= DATA =
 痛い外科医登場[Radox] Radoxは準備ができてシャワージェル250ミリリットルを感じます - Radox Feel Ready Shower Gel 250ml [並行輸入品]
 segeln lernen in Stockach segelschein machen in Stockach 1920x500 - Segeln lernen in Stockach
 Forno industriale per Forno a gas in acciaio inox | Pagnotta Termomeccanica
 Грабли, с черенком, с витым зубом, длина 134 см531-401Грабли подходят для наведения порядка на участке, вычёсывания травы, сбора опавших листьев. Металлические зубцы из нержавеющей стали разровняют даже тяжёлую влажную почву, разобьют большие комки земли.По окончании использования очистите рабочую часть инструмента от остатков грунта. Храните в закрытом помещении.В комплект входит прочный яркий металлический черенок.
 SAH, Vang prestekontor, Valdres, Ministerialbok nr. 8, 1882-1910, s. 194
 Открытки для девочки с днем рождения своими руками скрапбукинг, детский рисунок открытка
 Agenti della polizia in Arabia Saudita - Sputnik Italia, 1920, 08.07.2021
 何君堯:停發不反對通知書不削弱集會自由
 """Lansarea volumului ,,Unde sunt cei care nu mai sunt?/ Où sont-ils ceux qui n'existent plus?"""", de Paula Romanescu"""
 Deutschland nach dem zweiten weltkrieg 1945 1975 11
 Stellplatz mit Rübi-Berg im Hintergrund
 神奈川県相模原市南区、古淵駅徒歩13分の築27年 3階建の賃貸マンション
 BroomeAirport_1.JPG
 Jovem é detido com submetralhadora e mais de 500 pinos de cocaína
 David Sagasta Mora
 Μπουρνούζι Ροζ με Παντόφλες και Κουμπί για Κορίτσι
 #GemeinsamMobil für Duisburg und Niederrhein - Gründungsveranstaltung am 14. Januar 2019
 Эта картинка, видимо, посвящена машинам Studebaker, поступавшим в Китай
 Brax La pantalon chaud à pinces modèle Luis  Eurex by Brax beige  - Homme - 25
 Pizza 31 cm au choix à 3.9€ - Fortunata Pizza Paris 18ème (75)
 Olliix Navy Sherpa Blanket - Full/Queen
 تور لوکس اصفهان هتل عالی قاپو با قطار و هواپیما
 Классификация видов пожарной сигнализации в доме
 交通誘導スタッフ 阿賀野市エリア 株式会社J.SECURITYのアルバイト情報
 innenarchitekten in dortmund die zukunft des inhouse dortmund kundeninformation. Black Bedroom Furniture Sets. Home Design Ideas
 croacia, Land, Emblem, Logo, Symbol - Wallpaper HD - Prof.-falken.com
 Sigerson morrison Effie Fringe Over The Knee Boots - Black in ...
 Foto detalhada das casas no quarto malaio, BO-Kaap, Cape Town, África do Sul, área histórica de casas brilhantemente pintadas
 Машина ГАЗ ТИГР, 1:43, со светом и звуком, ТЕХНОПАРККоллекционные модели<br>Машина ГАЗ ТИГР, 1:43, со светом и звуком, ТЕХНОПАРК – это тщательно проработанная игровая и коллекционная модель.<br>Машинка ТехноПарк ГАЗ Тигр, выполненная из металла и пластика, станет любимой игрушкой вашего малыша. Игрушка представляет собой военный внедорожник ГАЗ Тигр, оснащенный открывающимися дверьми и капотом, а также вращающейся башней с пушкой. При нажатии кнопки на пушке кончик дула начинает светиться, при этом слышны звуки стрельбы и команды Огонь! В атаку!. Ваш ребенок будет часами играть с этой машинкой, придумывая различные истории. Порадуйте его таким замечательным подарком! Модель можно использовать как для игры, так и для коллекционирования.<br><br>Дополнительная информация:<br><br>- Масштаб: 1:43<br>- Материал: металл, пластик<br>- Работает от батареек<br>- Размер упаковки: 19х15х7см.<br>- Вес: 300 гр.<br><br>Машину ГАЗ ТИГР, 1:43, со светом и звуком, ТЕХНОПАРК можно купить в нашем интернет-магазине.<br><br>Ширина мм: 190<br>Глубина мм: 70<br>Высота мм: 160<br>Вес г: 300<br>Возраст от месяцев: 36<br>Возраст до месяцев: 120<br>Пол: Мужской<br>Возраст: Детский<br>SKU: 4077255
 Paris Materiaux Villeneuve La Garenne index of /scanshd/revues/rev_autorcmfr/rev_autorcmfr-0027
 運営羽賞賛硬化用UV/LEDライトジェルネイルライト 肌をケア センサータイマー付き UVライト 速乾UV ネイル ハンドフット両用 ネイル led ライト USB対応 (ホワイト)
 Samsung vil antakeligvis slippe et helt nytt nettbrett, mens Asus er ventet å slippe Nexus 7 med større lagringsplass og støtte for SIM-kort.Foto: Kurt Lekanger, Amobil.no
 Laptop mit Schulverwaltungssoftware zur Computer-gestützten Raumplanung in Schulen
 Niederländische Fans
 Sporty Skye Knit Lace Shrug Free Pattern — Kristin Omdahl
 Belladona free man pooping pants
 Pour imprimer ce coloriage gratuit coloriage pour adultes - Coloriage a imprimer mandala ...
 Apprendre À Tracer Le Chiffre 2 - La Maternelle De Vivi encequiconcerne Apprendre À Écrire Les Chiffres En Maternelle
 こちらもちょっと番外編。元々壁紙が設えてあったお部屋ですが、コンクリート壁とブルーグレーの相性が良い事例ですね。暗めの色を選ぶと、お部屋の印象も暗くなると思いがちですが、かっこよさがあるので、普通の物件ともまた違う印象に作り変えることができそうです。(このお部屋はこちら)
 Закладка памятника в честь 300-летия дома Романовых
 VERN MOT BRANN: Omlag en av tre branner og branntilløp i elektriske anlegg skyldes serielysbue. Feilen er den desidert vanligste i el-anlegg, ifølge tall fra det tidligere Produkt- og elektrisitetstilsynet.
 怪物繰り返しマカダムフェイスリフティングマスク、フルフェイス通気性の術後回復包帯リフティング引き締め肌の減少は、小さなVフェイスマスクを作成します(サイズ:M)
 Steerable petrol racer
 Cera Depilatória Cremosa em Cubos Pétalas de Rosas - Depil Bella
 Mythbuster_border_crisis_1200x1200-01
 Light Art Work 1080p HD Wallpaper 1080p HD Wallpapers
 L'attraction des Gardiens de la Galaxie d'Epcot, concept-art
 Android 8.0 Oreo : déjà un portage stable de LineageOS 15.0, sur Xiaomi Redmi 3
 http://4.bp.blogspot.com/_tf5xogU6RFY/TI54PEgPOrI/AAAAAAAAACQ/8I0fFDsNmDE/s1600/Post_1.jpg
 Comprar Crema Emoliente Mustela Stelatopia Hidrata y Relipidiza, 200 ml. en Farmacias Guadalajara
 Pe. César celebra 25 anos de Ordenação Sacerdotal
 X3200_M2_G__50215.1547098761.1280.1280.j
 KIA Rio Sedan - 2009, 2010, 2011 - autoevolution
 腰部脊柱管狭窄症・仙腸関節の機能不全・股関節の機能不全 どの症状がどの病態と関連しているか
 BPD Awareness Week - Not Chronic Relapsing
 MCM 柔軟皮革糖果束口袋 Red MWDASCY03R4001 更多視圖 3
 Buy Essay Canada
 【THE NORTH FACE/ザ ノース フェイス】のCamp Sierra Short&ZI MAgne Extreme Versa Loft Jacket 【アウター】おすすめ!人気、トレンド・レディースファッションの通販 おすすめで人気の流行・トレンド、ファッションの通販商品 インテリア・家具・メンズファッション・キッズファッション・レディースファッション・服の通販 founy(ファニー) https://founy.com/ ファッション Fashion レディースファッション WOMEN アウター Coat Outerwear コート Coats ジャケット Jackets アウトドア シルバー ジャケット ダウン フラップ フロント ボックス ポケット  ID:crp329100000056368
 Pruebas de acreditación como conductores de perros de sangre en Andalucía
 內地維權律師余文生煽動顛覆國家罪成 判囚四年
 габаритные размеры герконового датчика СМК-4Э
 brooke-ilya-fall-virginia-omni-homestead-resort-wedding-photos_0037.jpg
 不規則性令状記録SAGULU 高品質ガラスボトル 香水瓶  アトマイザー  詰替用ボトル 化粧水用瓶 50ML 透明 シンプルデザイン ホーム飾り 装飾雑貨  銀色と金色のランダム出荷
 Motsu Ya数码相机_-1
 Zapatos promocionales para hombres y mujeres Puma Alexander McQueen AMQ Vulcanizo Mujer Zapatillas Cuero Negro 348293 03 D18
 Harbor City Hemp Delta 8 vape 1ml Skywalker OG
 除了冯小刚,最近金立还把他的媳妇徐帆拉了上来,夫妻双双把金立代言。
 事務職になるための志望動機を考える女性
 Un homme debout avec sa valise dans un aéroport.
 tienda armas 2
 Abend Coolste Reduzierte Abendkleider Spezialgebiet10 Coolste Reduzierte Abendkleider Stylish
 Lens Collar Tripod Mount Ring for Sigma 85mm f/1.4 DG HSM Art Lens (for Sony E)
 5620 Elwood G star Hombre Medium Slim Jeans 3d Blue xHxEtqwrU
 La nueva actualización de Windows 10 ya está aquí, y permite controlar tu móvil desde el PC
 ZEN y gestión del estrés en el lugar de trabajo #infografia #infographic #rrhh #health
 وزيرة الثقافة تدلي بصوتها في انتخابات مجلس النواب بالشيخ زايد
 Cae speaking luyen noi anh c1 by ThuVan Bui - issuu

= WHAT IS BEING ASKED =
Your reply is one number: how many lines of the records above contain the word "Foto".

= EXERCISE RESULT =
2